## [DATASET CONTENT]
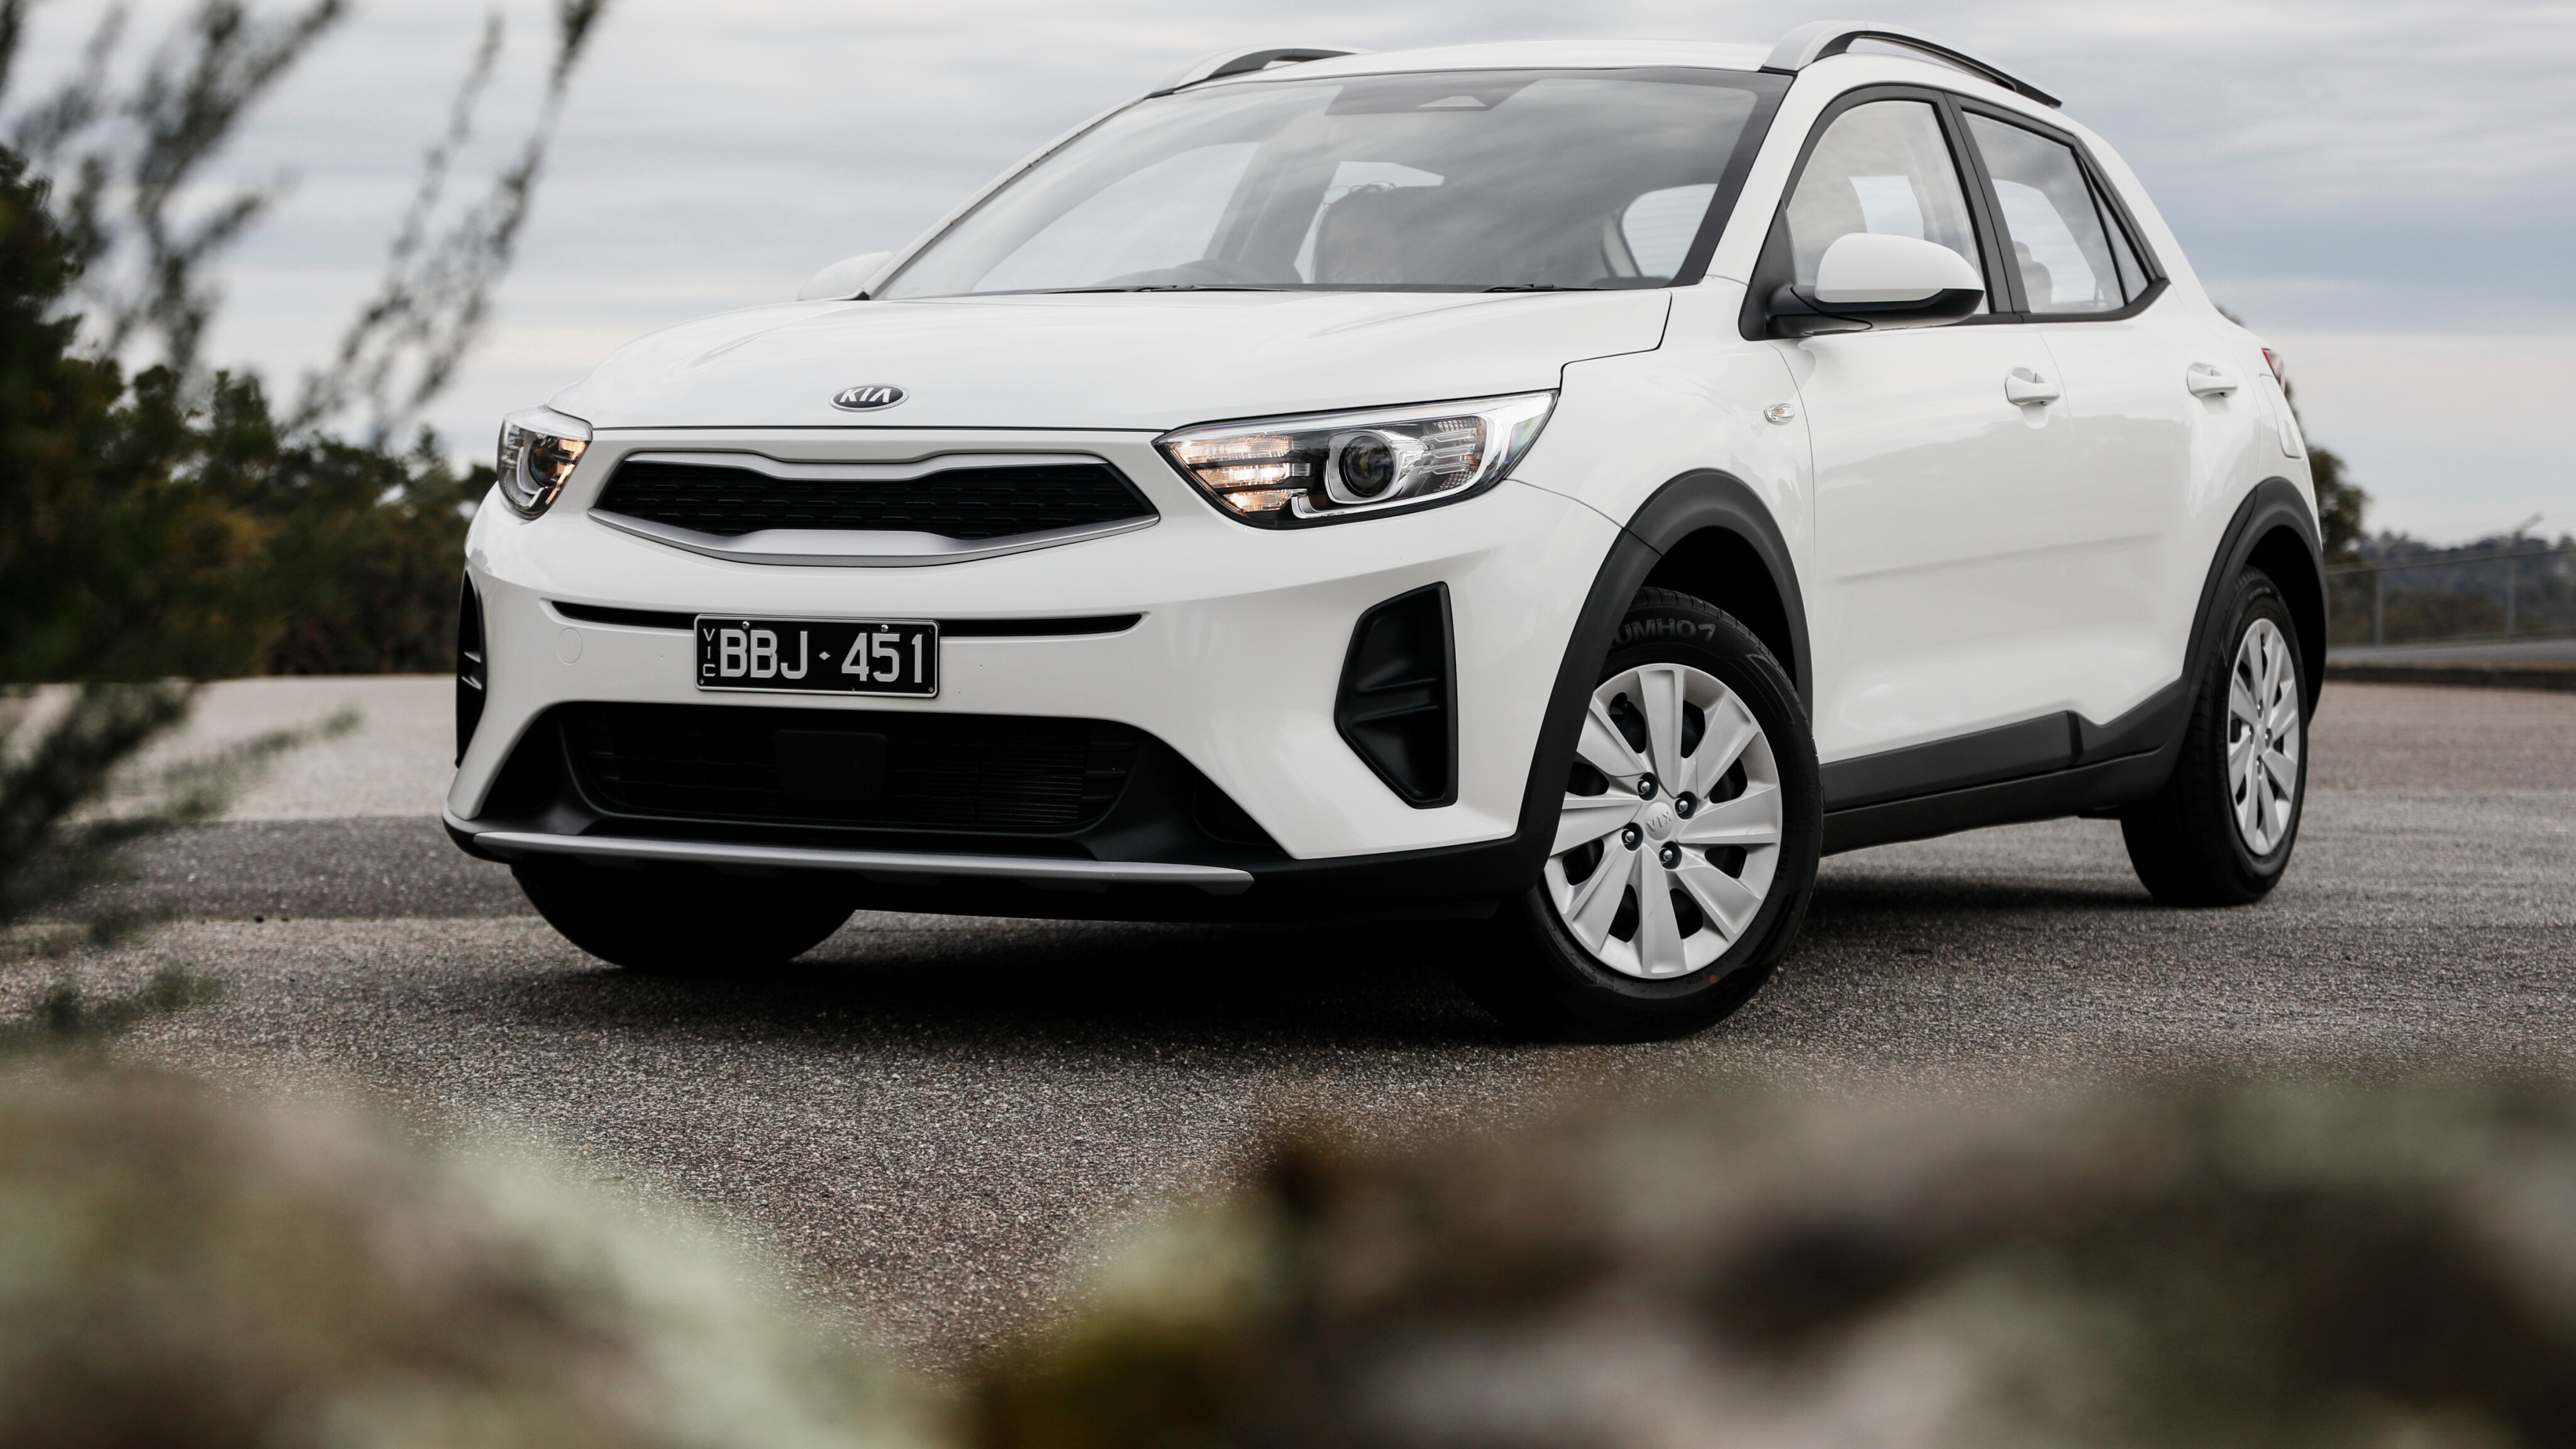 2021 Kia Stonic S Review: Big boot and affordable buying
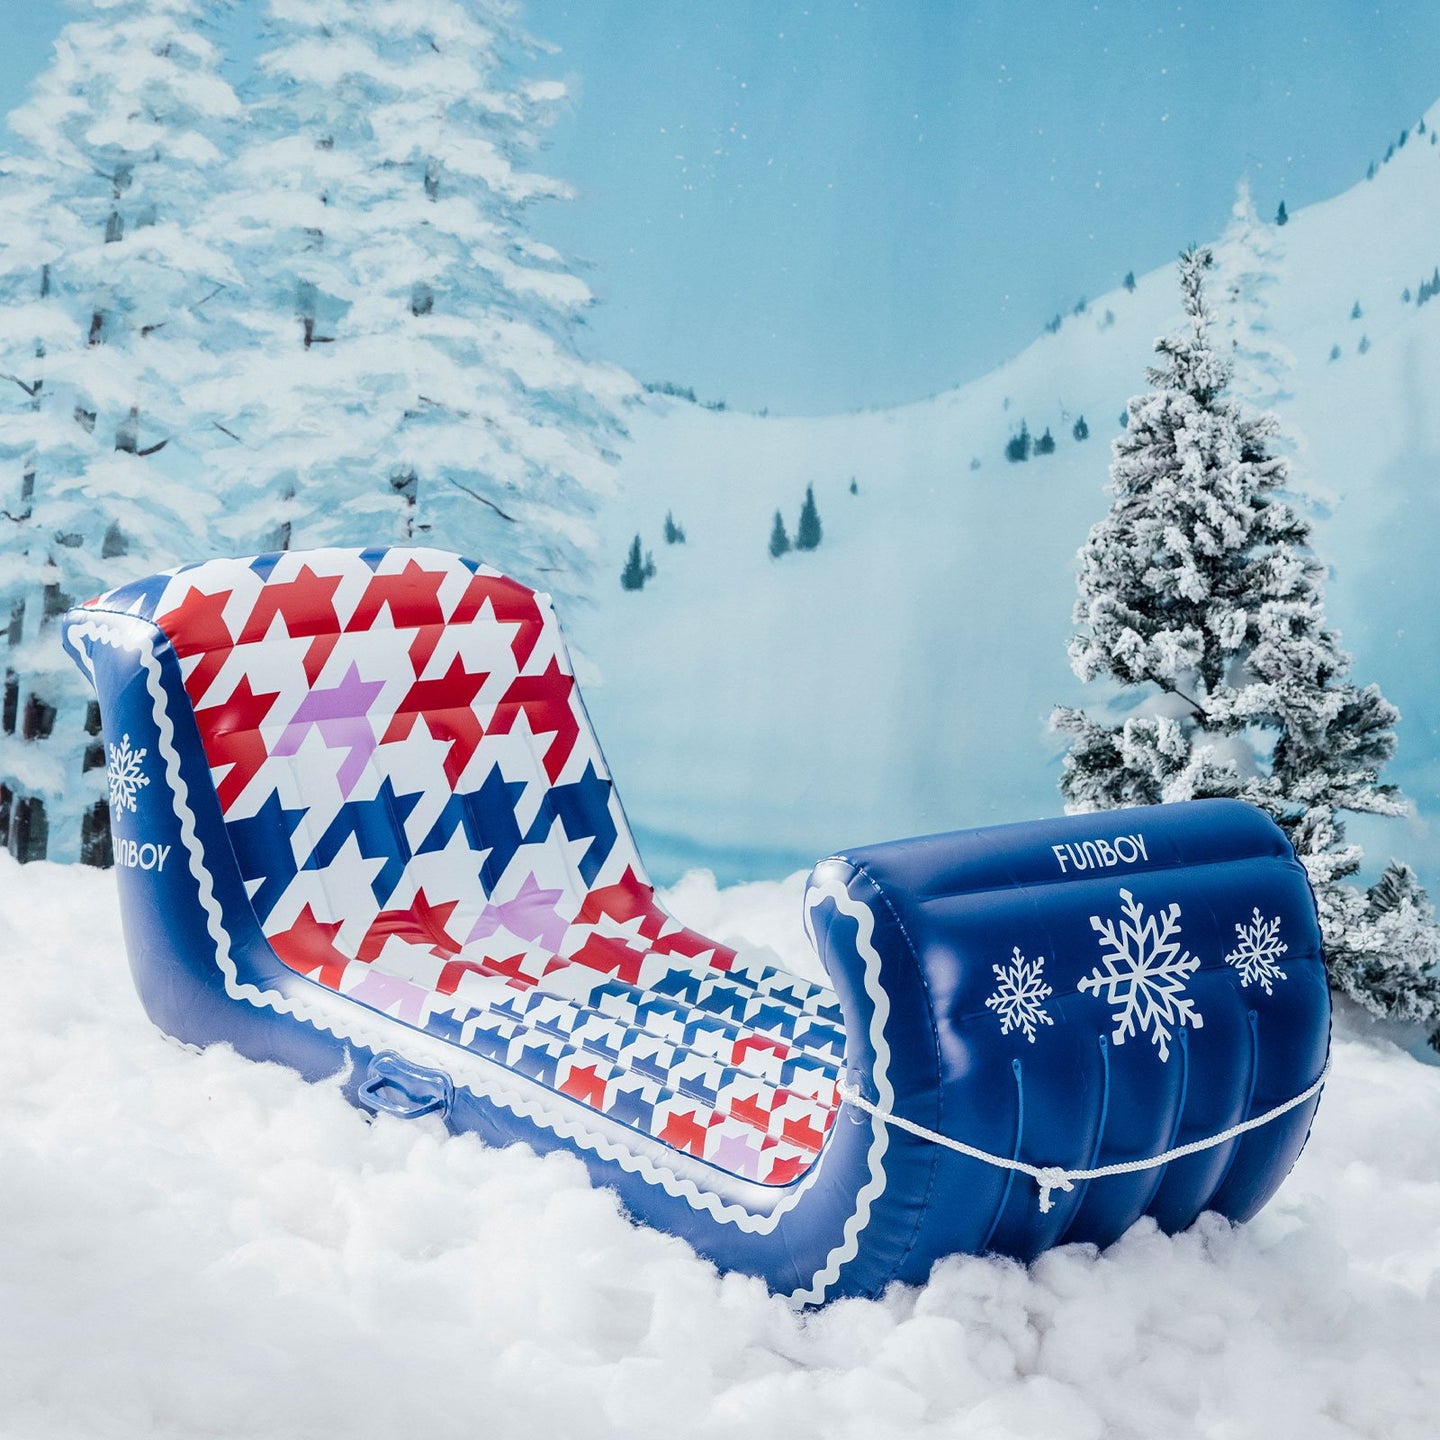 Snow Sled - Houndstooth Sleigh by FUNBOY
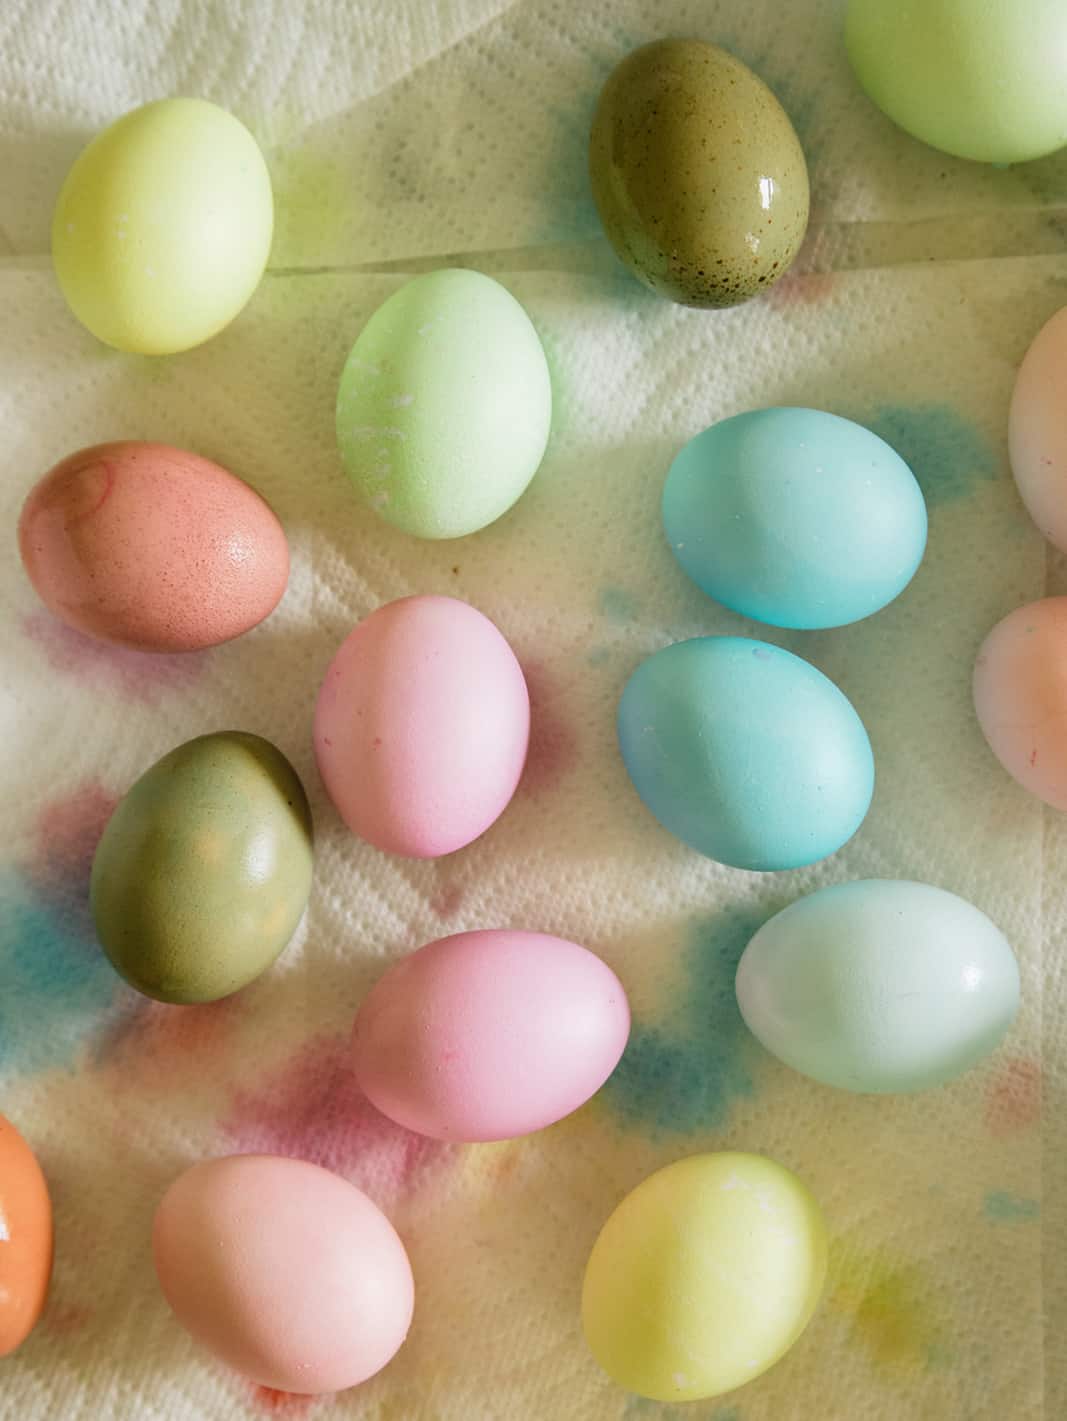 A close up of dyed Easter eggs in a variety of colors on paper towels.

## [WHAT YOU SHOULD DO]
Retype only the lines above from the one with "Snow Sled - Houndstooth Sleigh by FUNBOY" through the last, both ends included, keeping every picture out of the copy.

## [TASK RESULT]
 Snow Sled - Houndstooth Sleigh by FUNBOY
 A close up of dyed Easter eggs in a variety of colors on paper towels.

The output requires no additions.